April 14, 2024
Deutsche Bank says why markets may be disappointed by rate cuts this year?


  • Deutsche Bank has written that the market’s expectations of a major cut this year are unlikely to end.
  • Today’s economy is similar to that of 1995, when the cuts fell short of market forecasts.
  • The productivity cycle from AI could keep the US from falling into recession, which would keep rates up.

The market may find the anticipated rate-cut cycle falls short of expectations, Deutsche Bank’s George Saravelos wrote on Friday.

This is not because of its timing, but because interest rates will not fall as aggressively as predicted. Futures markets are forecasting five to six cuts this year, which would result in a Fed funds rate cut of more than 100 basis points by the end of the year.

“In a soft landing scenario, it is reasonable to expect the Fed to cut to nominal neutral,” Saravelos wrote, referring to the rate level that neither restricts the economy nor expands it. “The problem is that no one knows where this theoretical rate is in real time.”

Given this uncertainty, it is likely that the Federal Reserve is headed toward a repeat of 1995, he wrote. That year, the central bank cut rates by 75 basis points, less than expectations for a 200 basis point cut.

Like today’s economy, declining inflation, labor growth, and economic strength involved only minor adjustments about thirty years ago. The technology cycle of the mid-nineties kept the economy moving forward and concerns about a major recession never surfaced.

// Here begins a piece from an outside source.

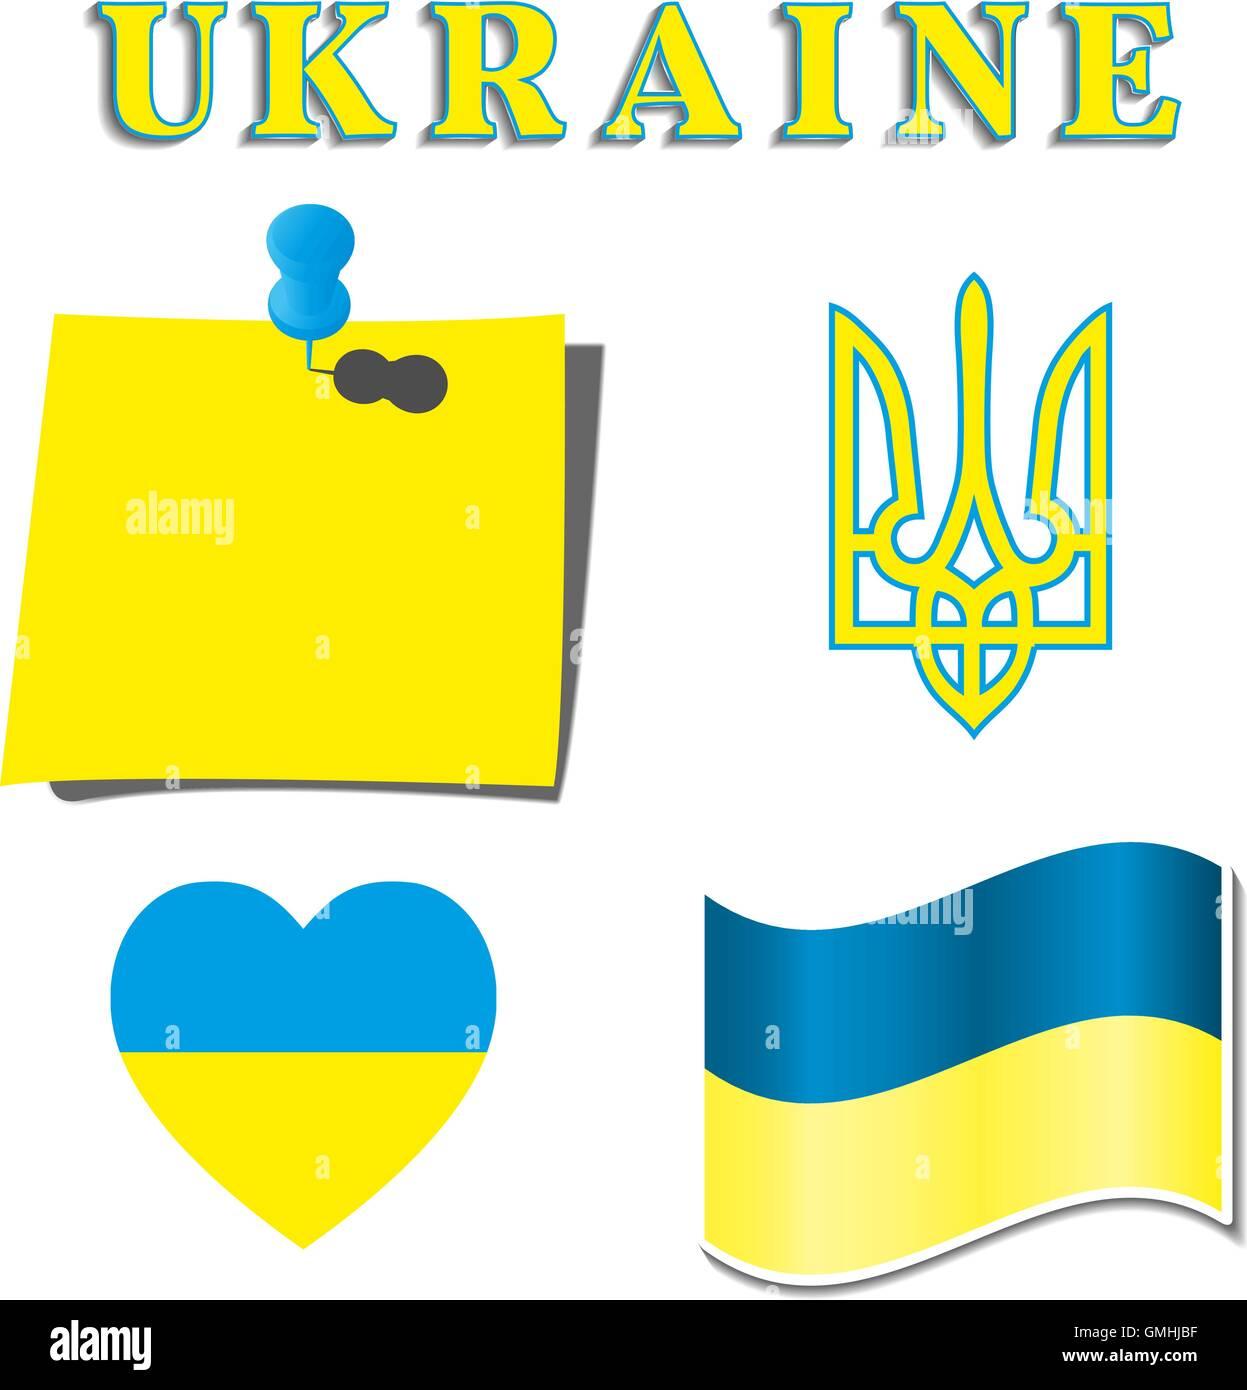 Eingestellt von ukrainischen Symbolik, Vektor-illustration Stockbild

Saravelos wrote, “Can this experience be repeated? Artificial intelligence stands out as a technology that can help drive a new productivity cycle. We have seen the dramatically reduced interest rate sensitivity of the US economy. Has also been written about.”

So far in the year, the Fed has kept rates in the range of 5.25%-5.50%. At its latest FOMC meeting, it signaled the need to strengthen confidence in deflation before a policy turn.

The bullish arguments may have lost some of their edge after the January jobs report, where new positions nearly doubled expectations. And although some still see recession risks for the broader economy, others have pointed to the strength of continued spending as a tailwind.